Sue Neilen, senior director at Evoke Galliard, believes a climate to accelerate change has developed.

“After years of discussion, the shift is taking hold,” she said. “Clients are scrutinising their own performance, building information and putting it in the public domain to promote discussion. Others are setting goals and holding teams accountable, investing in internal training to ensure their people are following strategies that address key obstacles.

“It is right up there on the health agenda – a prerequisite to health equity. Race, ethnicity, age and gender can all impact how different people respond to the same medicine or treatment. It’s imperative that we recruit participants representative of the population, or in the case of rare diseases, those most impacted by the condition.

“There’s certainly an obligation to ensure that patients who sign up to clinical trials are as diverse and reflective of the real-world community as possible. The COVID-19 studies demonstrated that clinical trial diversity is possible, even in challenging circumstances.  These are lessons, which are being taken forward. There’s no going back.”
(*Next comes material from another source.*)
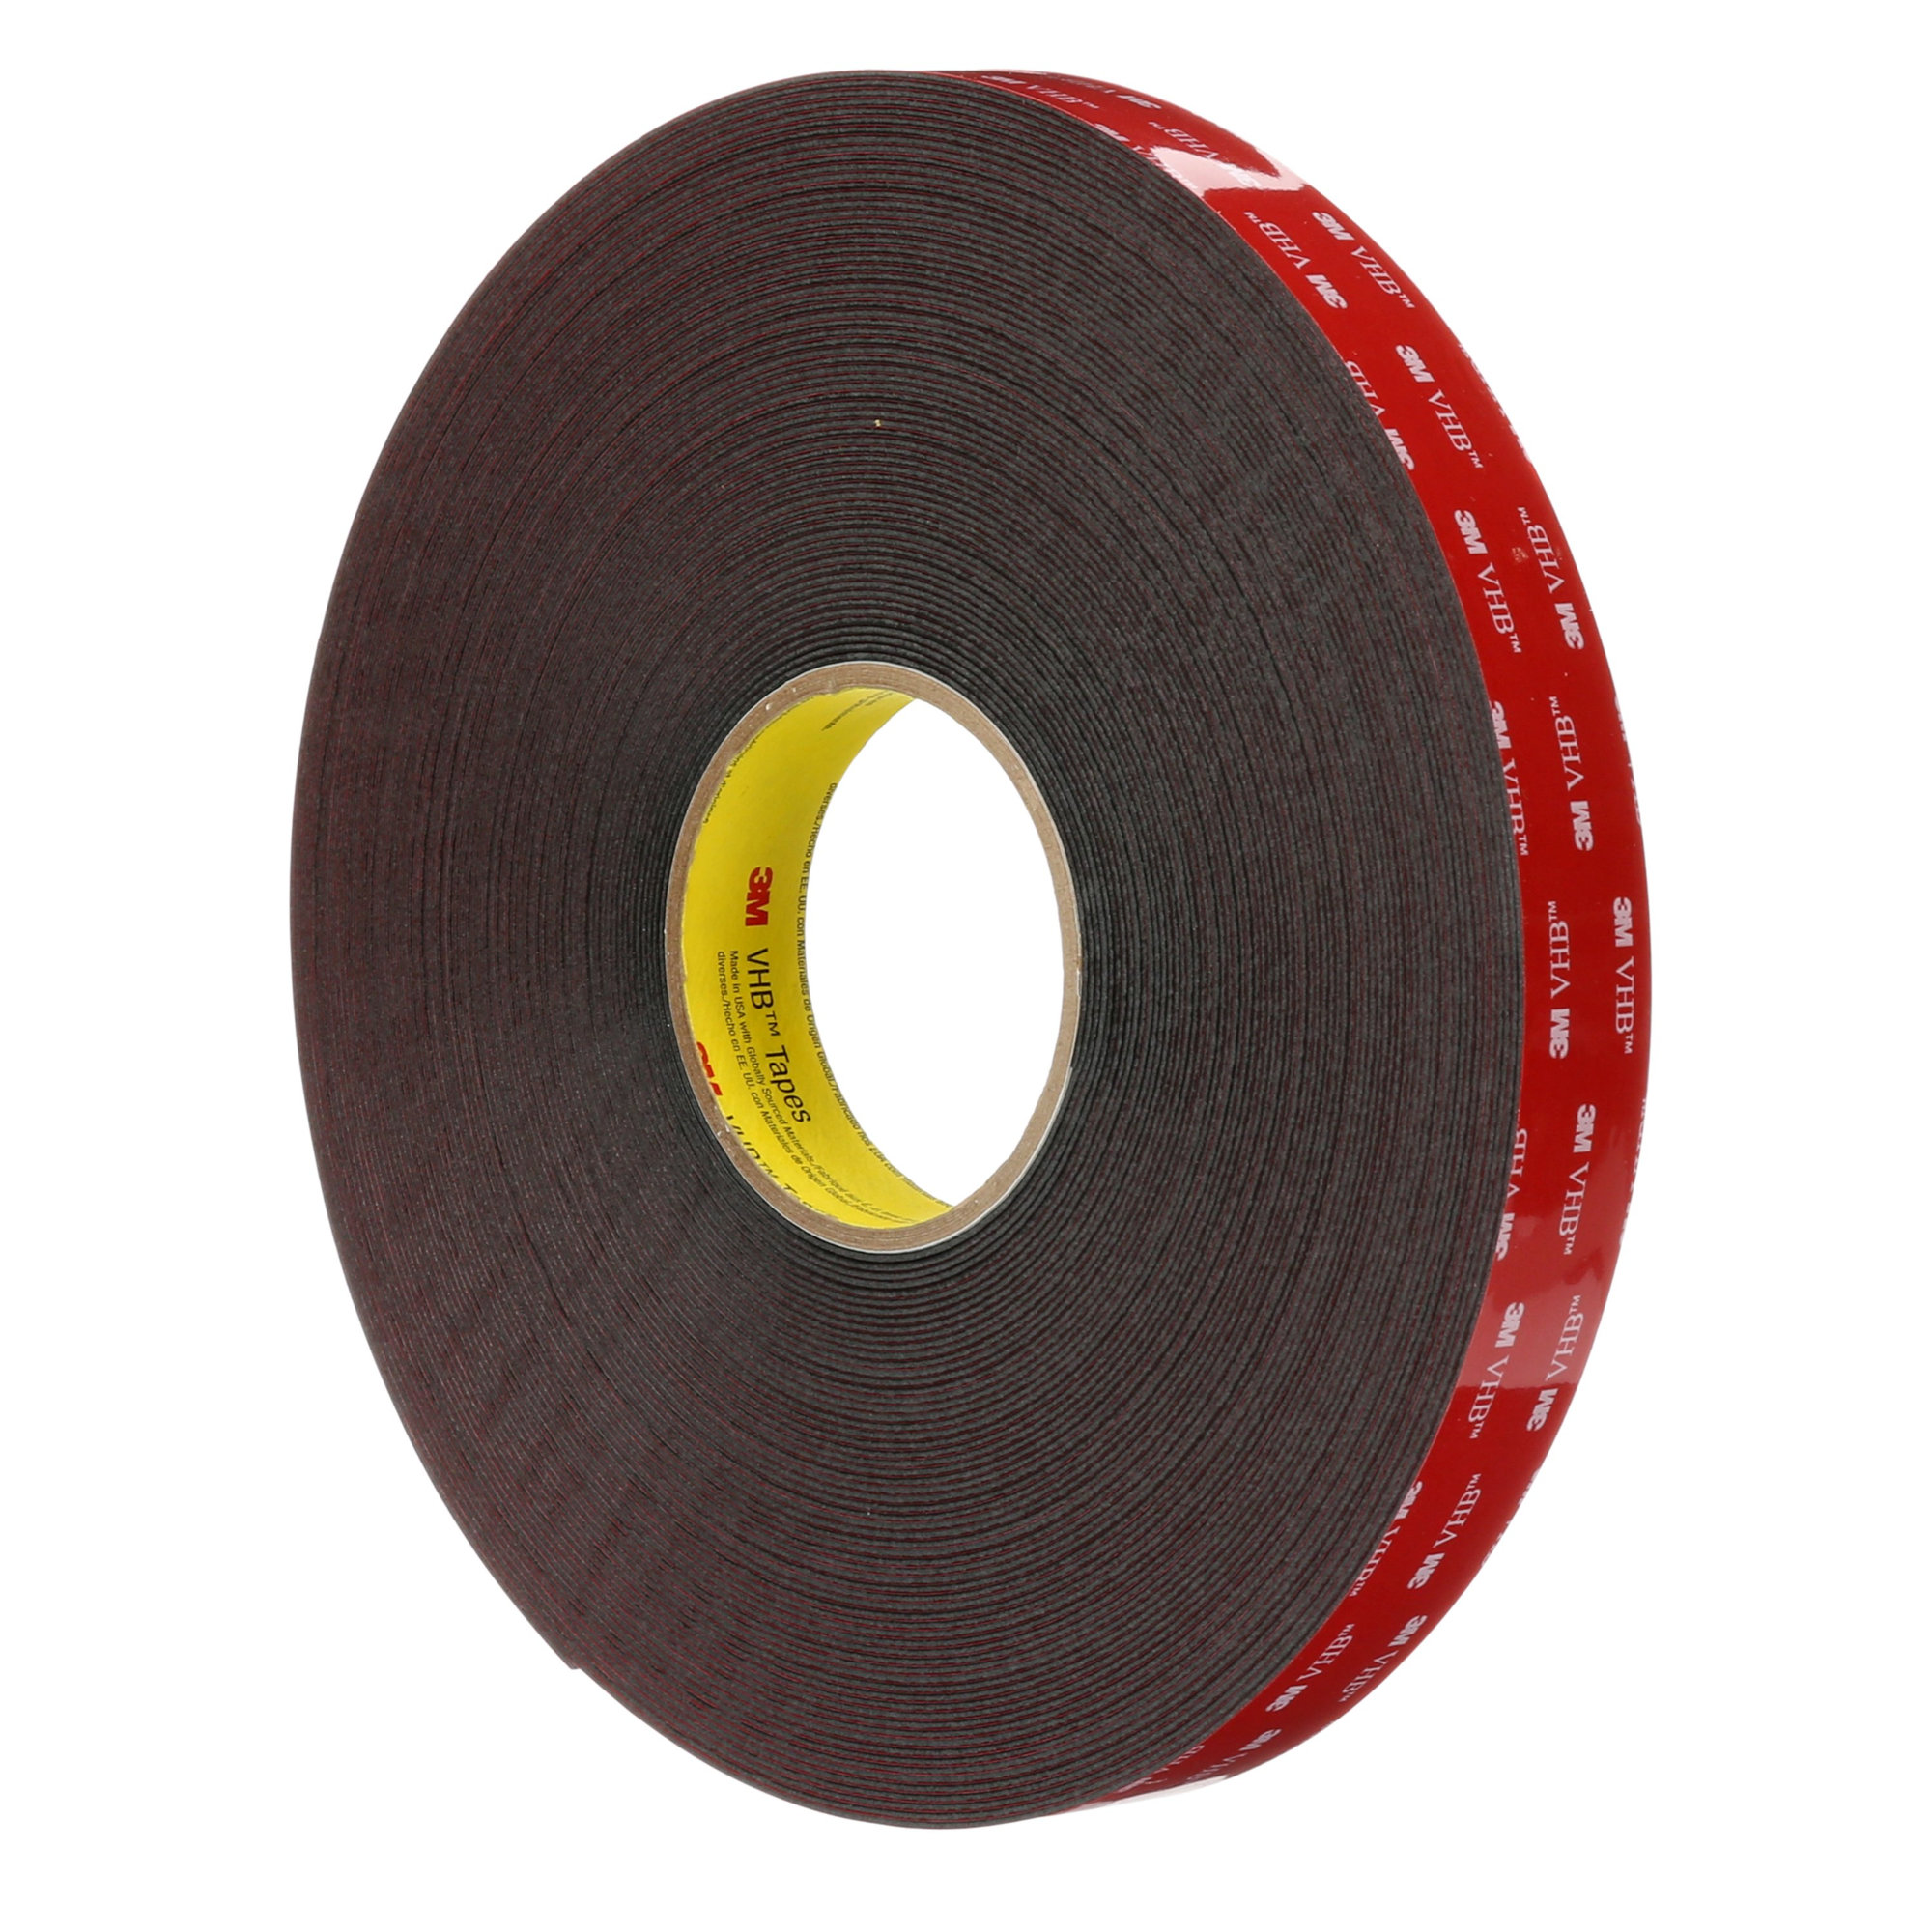 3M VHB Tape: The Simple Secret to Achieve 10X Better Results

Evoke Galliard, a healthcare communications agency with special expertise in clinical trials communications, brings behavioural science, patient engagement, data and analytics and omnichannel marketing to bear on creating effective clinical trial projects.
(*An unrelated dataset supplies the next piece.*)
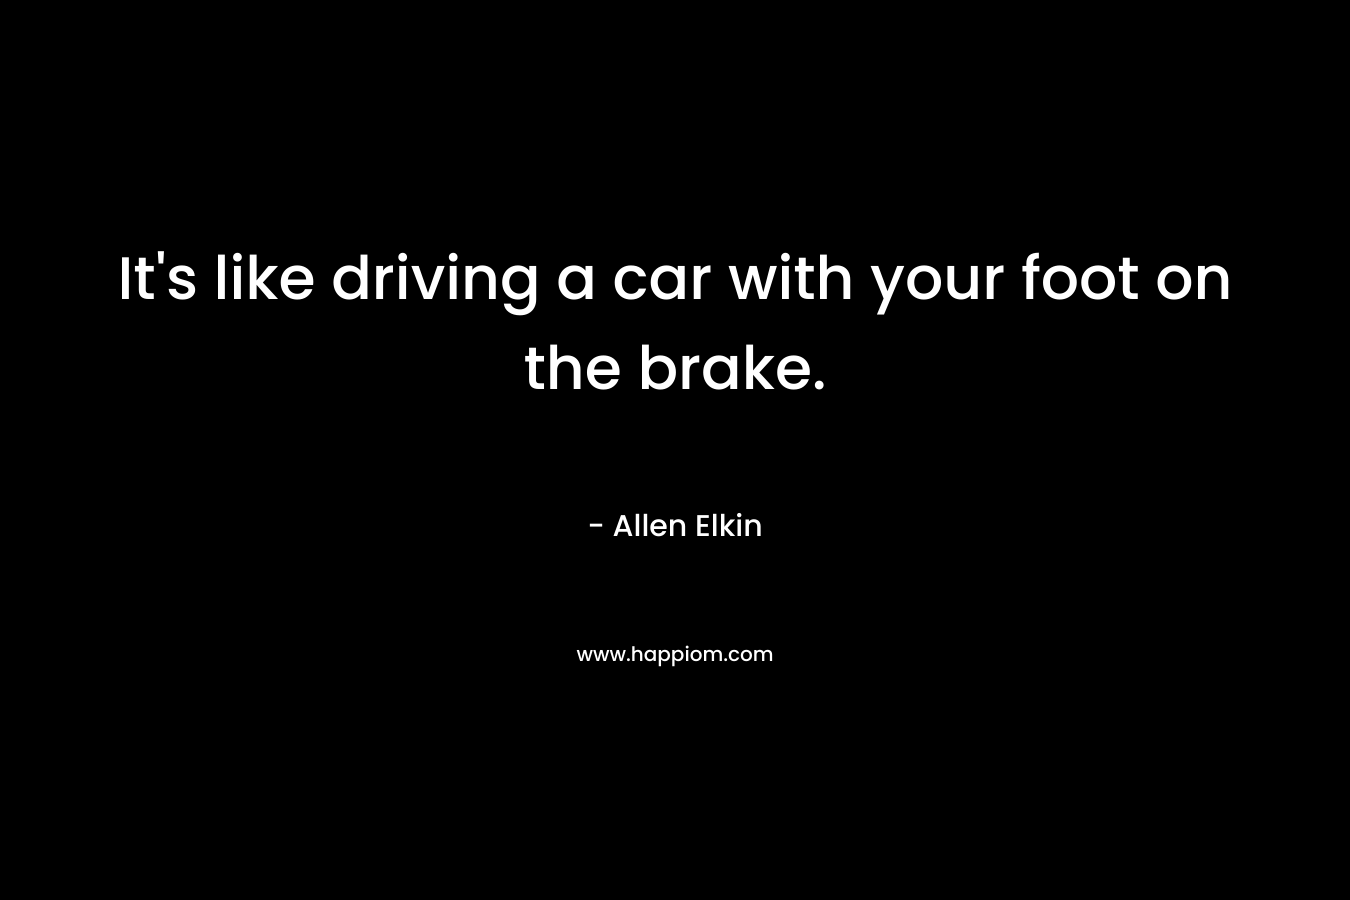 It’s like driving a car with your foot on the brake. – Allen Elkin

“Understanding a community group and their behaviours is central to ensuring that our communications have the right impact,” added Neilen. “So is beginning an open-ended conversation with community or patient advocacy groups. Then it’s a case of knowing where to find them – the channel or space that hard-to-reach participants that are often excluded from clinical trials go to for information. Drawing on that expertise can give trials a head start.”
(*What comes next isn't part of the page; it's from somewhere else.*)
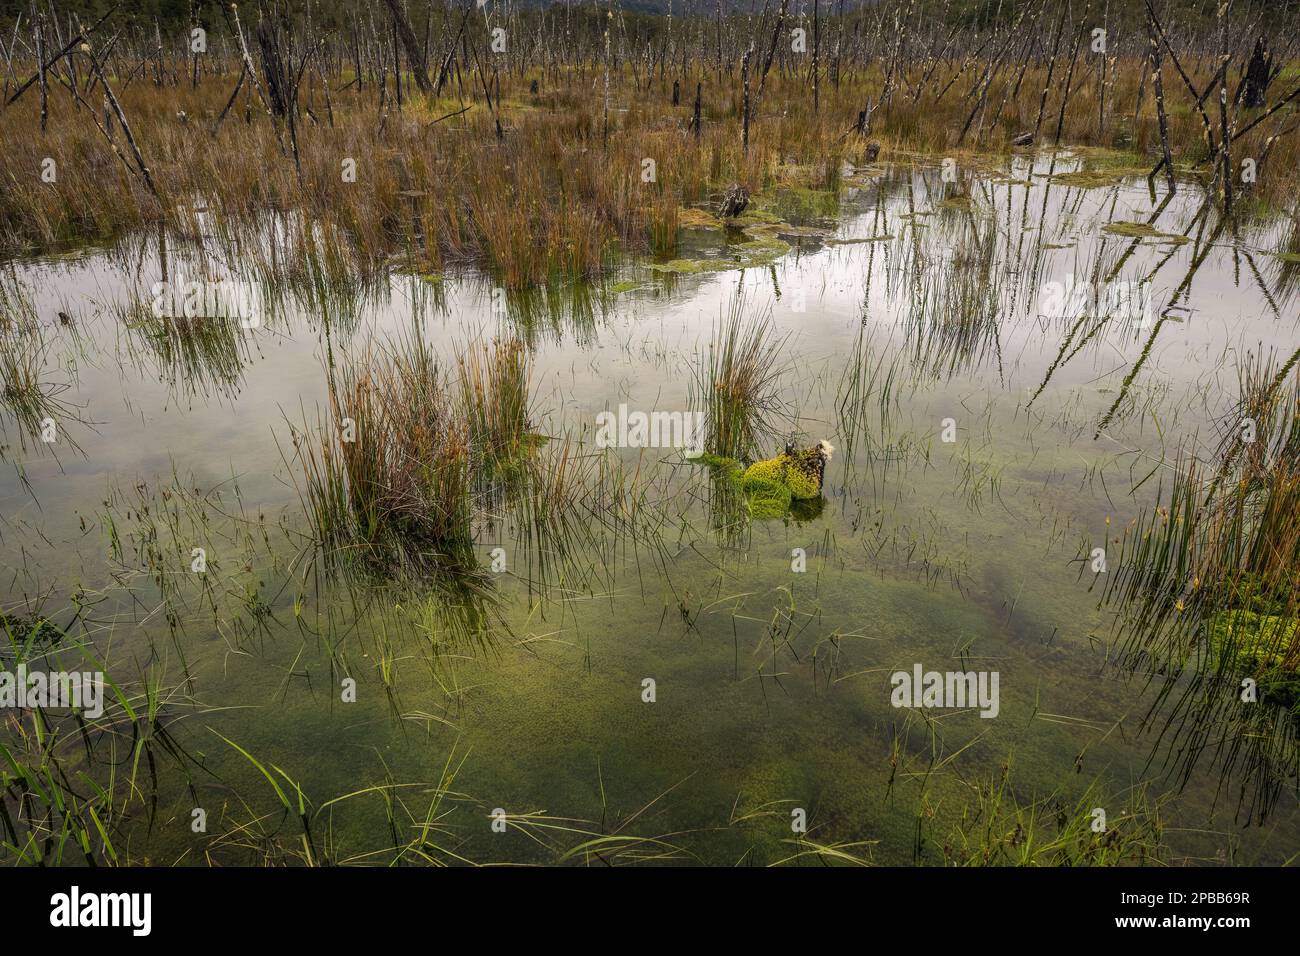 Pond with weeds, reeds and reflections with burned out tree trunks, X-109, Tortel, Patagonia Stock Photo

She underscored that industry has to face challenges of unconscious bias, historical mistrust of research and lack of awareness, as well as the often-significant time commitment asked of patients.

Neilen added: “Increasing diversity is borne of building relationships with underserved groups, which doesn’t occur overnight. Forging community ties comes from listening and responding in a way that recognises and affirms people of all cultures, ethnicity and other diversity factors. There’s still a lot of groundwork to be put in with patient advocacy groups to achieve meaningful and sustainable change.”

“We dismantle the barriers by putting in the work internally – whether that’s learning or unlearning things, changing processes and challenging biases, or challenging external practices – that’s the way we engage with those communities and their trusted leaders.  Diversity shouldn’t be an afterthought. It’s an investment in the credibility of scientific endeavour.”

Neilen advocates the involvement of patients at an early stage so their insights can democratise study design and accelerate recruitment, and she welcomes guidance from patient groups and drug regulators in the EU, UK and US that are reframing clinical trials.

“But the onus remains with the sponsor to work in partnership with communities to address health inequalities and to improve enrolment and retention of participants from minority groups,” she added. “We’ve already seen the US FDA demand post-marketing studies of six approved new molecular entities after raising questions about the inclusivity of clinical trial populations. Going forward, what’s obvious is that demonstrating a diverse participant base will be key for regulatory approval.

“Ultimately, diversity in clinical trials is part of a bigger conversation about health equity for all and its impact on specific ethnic groups who, despite having a disproportionate risk for certain diseases, are significantly under-represented in clinical trials. People everywhere now recognise that irrespective of age, gender or ethnicity, everyone should have the opportunity to participate in and benefit from medical research.”